Spoken language is the most common communication tool used in daily life. Without laying eyes on a monitor or screen, speech technology helps synthesizing human-like sounds to transfer massage from a device to perceivers. Text-to-speech synthesis system are the practical intermediate tool for controlling a synthesizer. Using only a chuck of text, the system can generate synthetic sounds to commute with subjects, for example using a text for an automatic announcement system, which is more flexible than using a prior recorded speech.

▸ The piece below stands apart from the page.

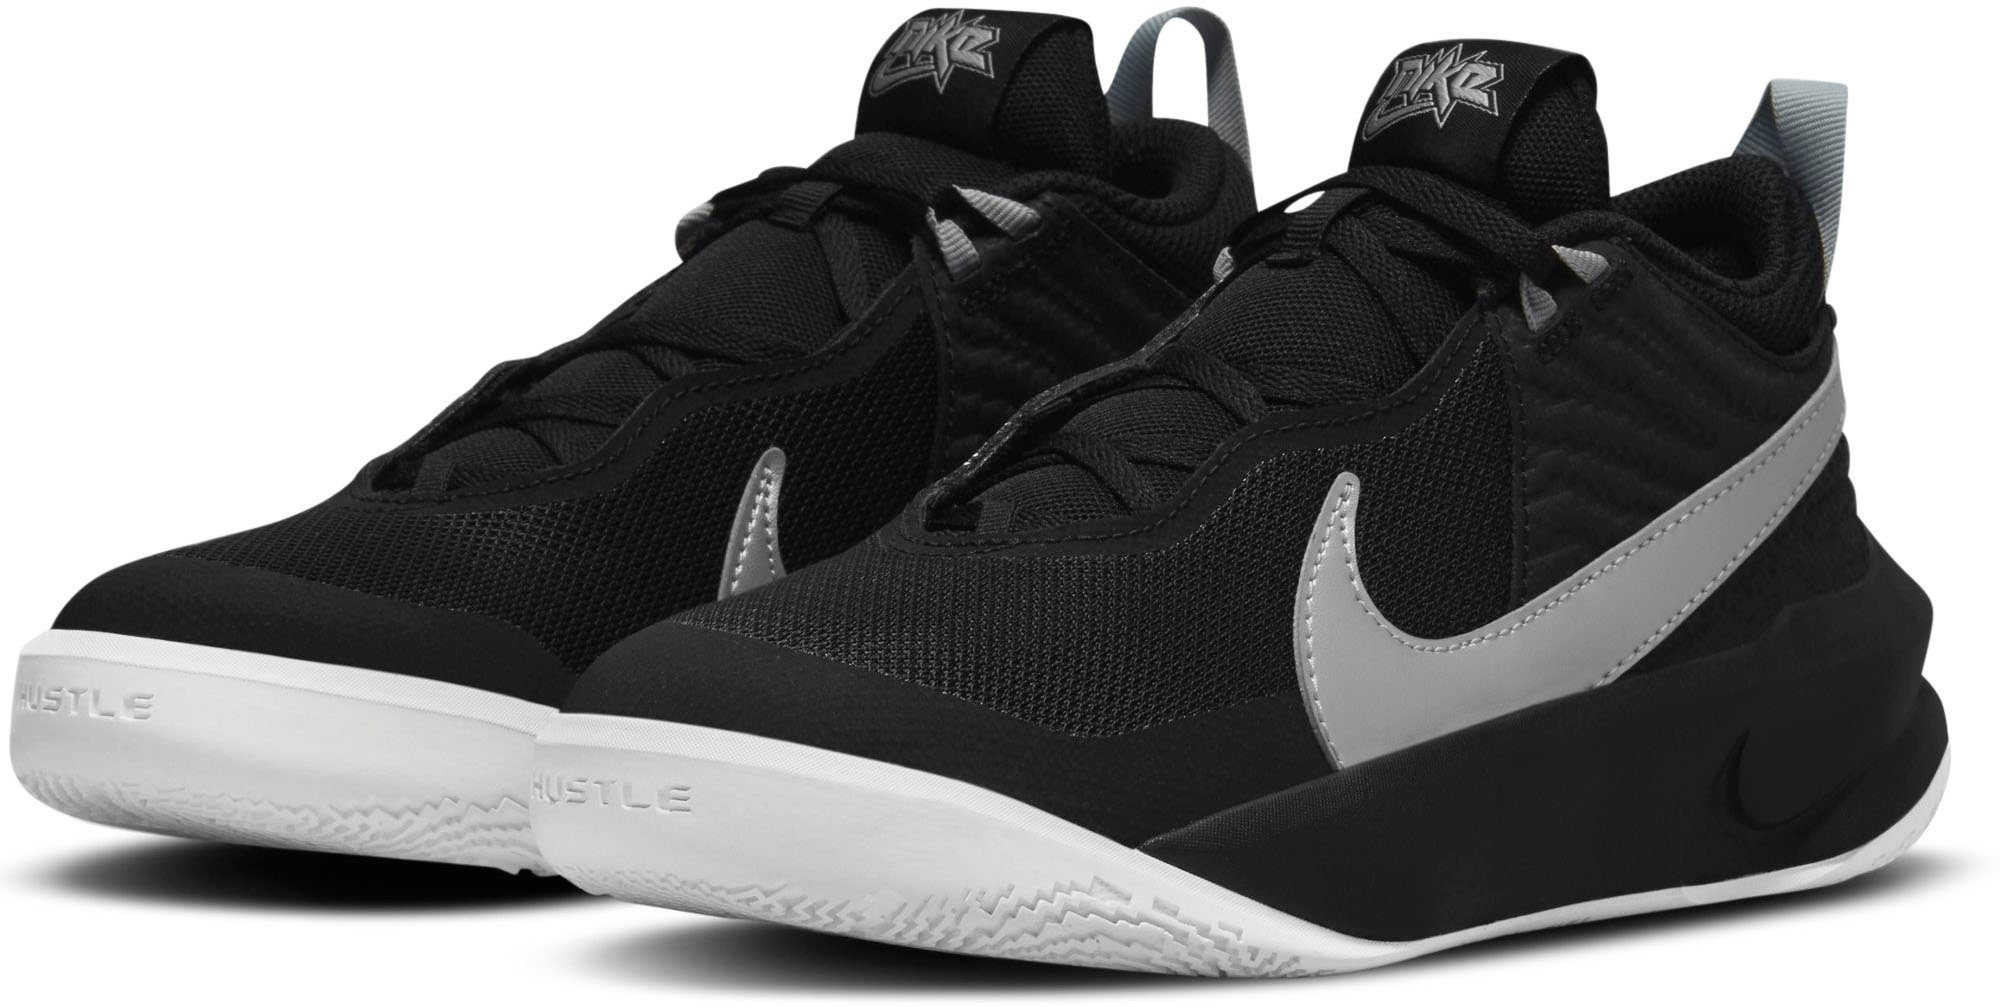 Nike »TEAM HUSTLE D 10« Basketballschuh online kaufen | OTTO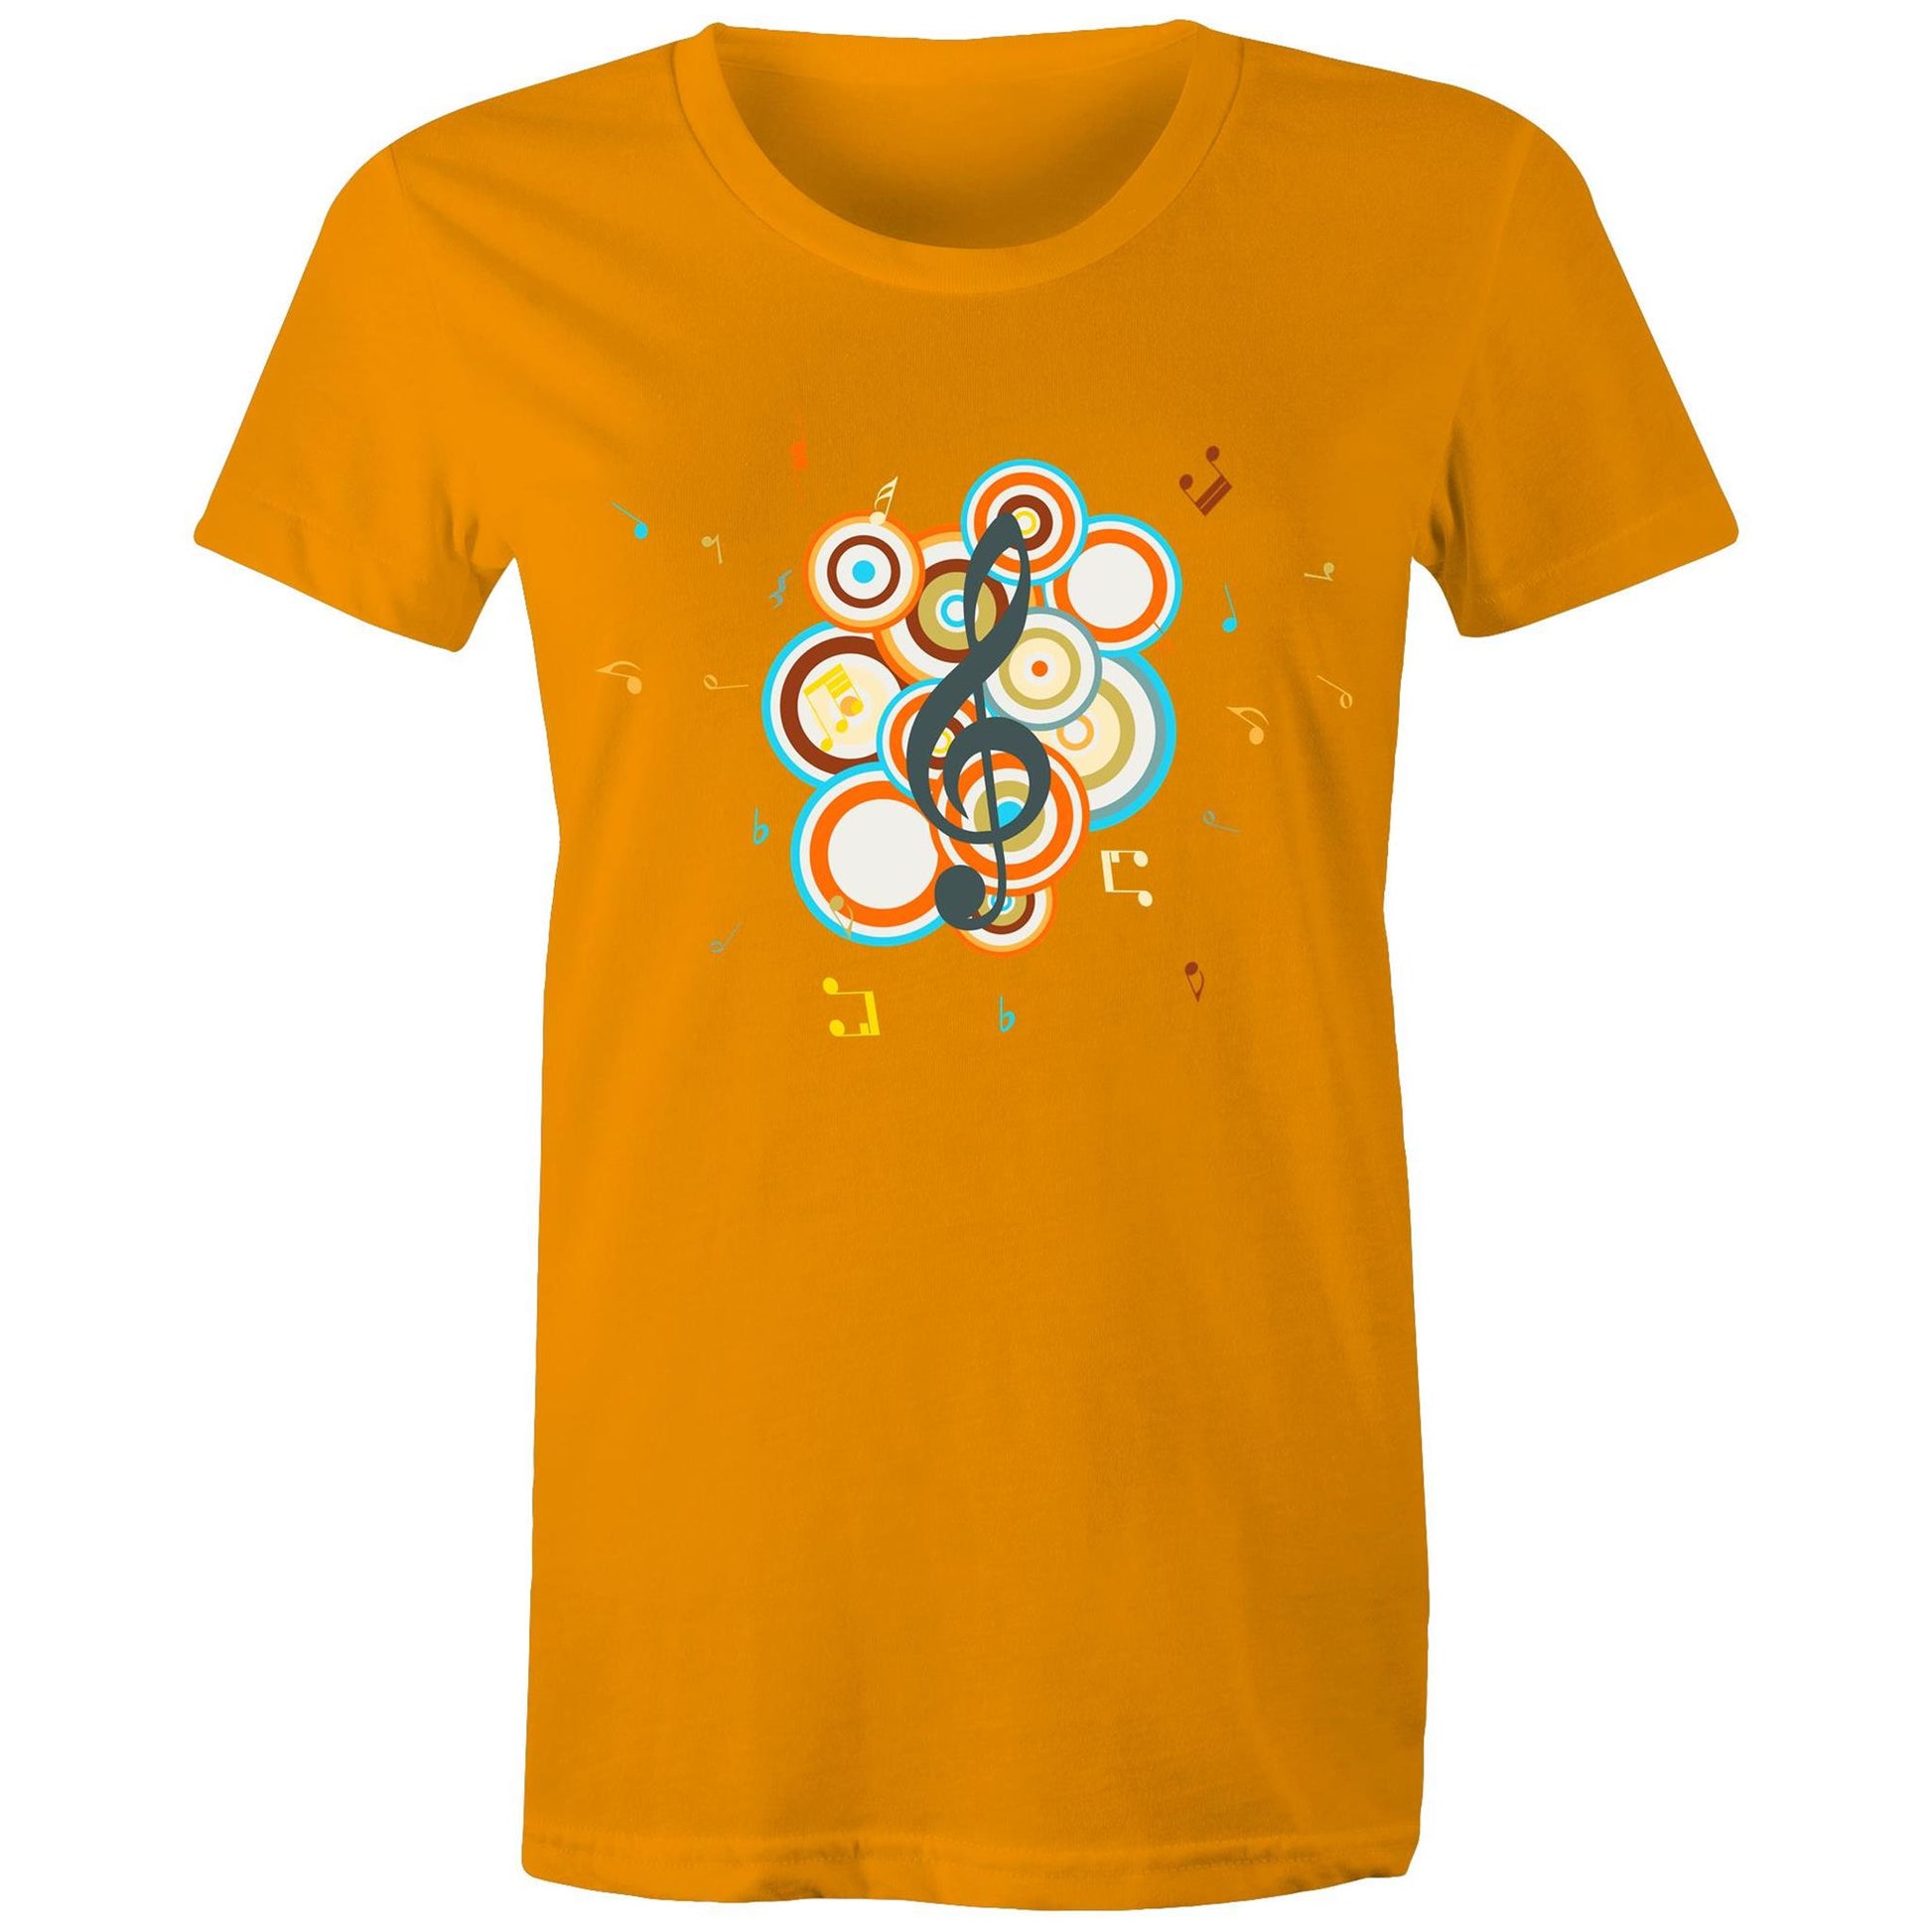 Groovy Music - Women's T-shirt Orange Womens T-shirt Music Retro Womens

Vaja 8.0 is the newest version (2018) of Thai/English text to speech synthesizer from NECTEC. It can give speech in two voices, female and male. It comprises of all three new reengineered parts. The whole system is reorganized to be able to work as plug-in modules. All parts are able to be replaced by any up-coming engine or language. In terms of technical challenges, text pre-processing part uses syllable-like unit in text segmentation instead of word. The grapheme to phoneme conversion part uses the new grapheme to phoneme conversion (G2P 3.0) which is a fully machine-learning module instead of using syllable-pattern dictation. Finally, speech synthesizer part uses linguistics information for storing and retrieving HMM models from a tree. The product is bundled and available on both Linux and Windows.
Software features:
- Output: Thai/English synthetic reading speech
- Text pre-processing: module for reading from dictation is available.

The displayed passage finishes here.